#### Activity:
Restate all the lines below word for word, but omit the pictures.

-------- Dataset excerpt --------

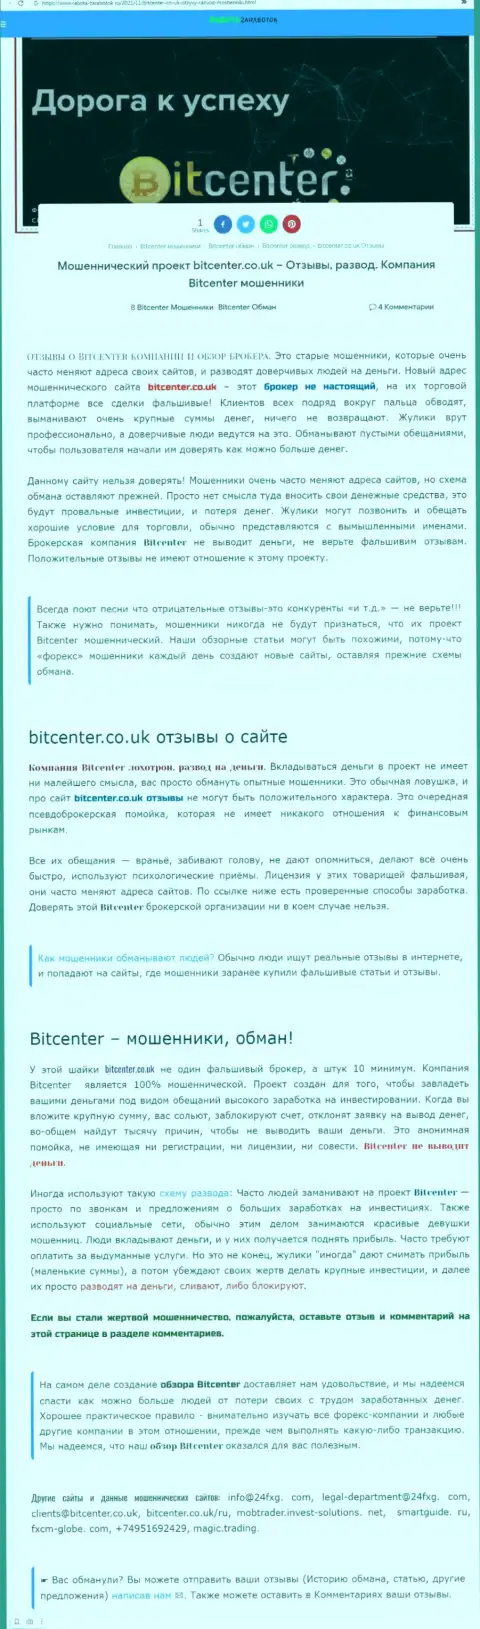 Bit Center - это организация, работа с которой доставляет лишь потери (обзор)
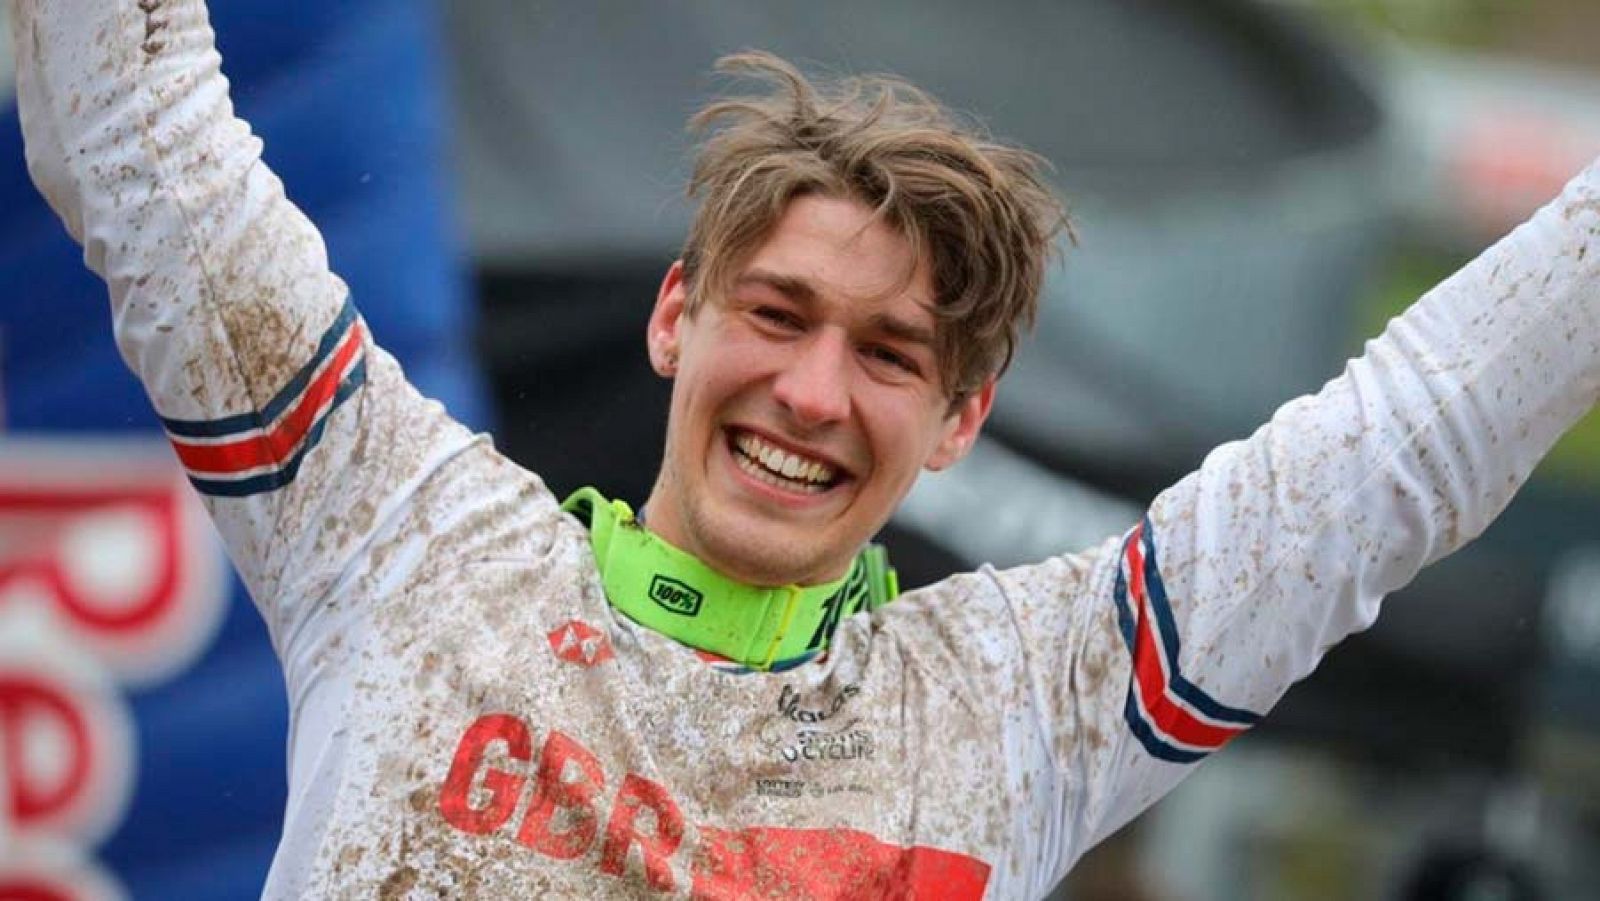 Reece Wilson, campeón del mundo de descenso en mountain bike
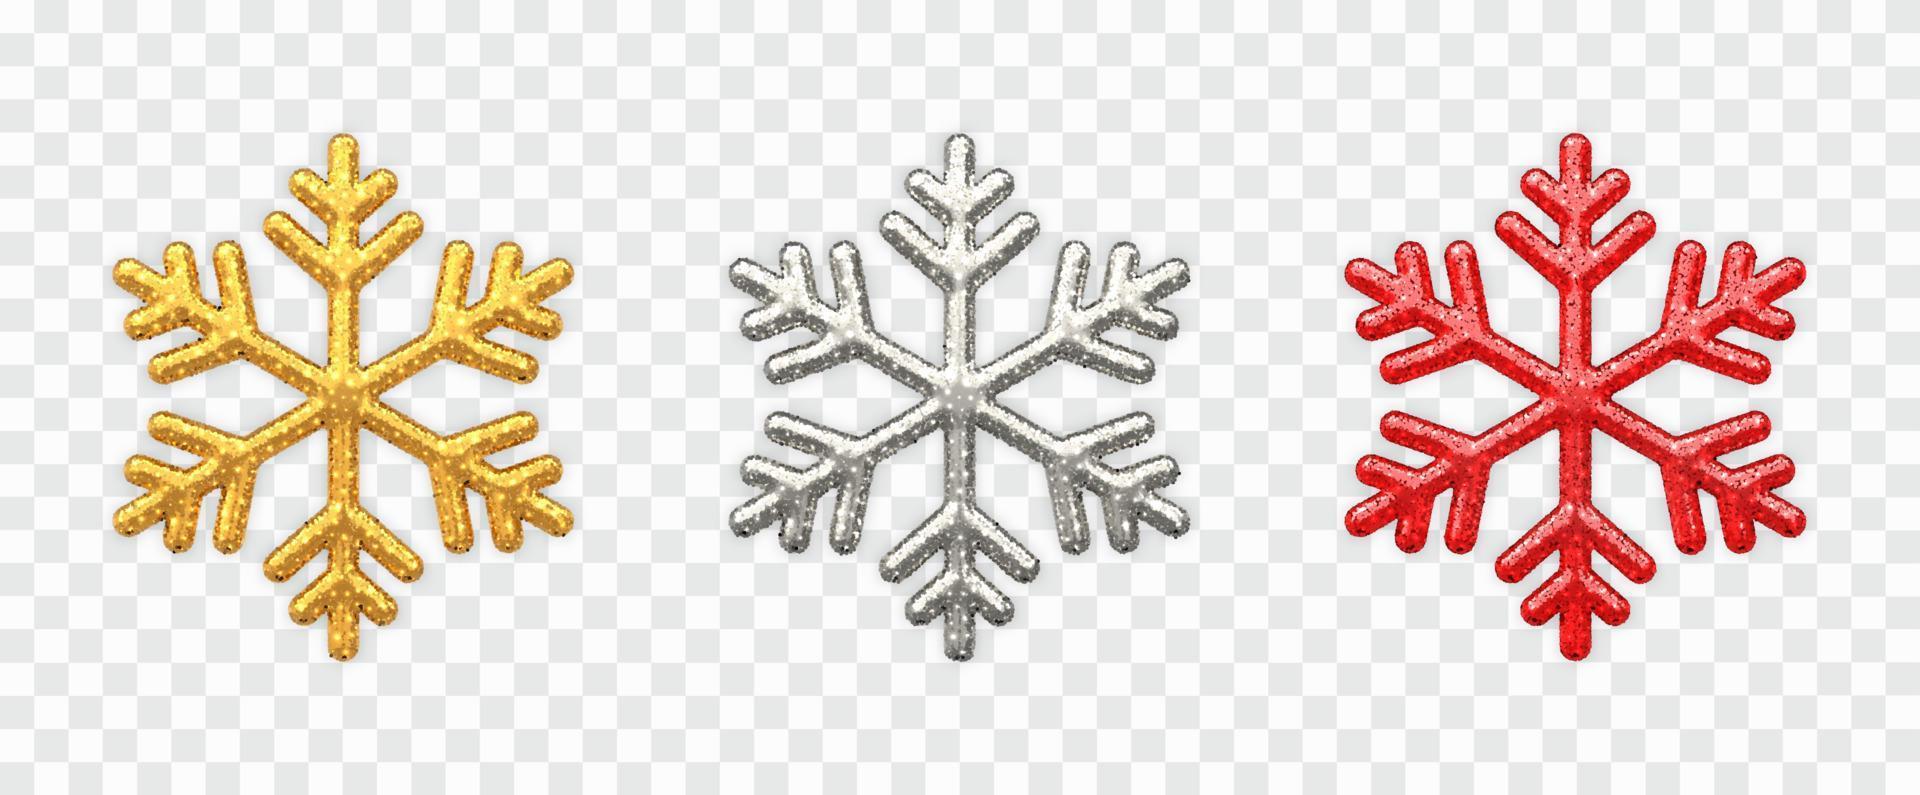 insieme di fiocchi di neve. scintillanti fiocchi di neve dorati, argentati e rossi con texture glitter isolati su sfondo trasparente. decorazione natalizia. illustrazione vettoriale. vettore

--------

#### Written answer:
 Bit Center - это организация, работа с которой доставляет лишь потери (обзор)
 Reece Wilson, campeón del mundo de descenso en mountain bike
 insieme di fiocchi di neve. scintillanti fiocchi di neve dorati, argentati e rossi con texture glitter isolati su sfondo trasparente. decorazione natalizia. illustrazione vettoriale. vettore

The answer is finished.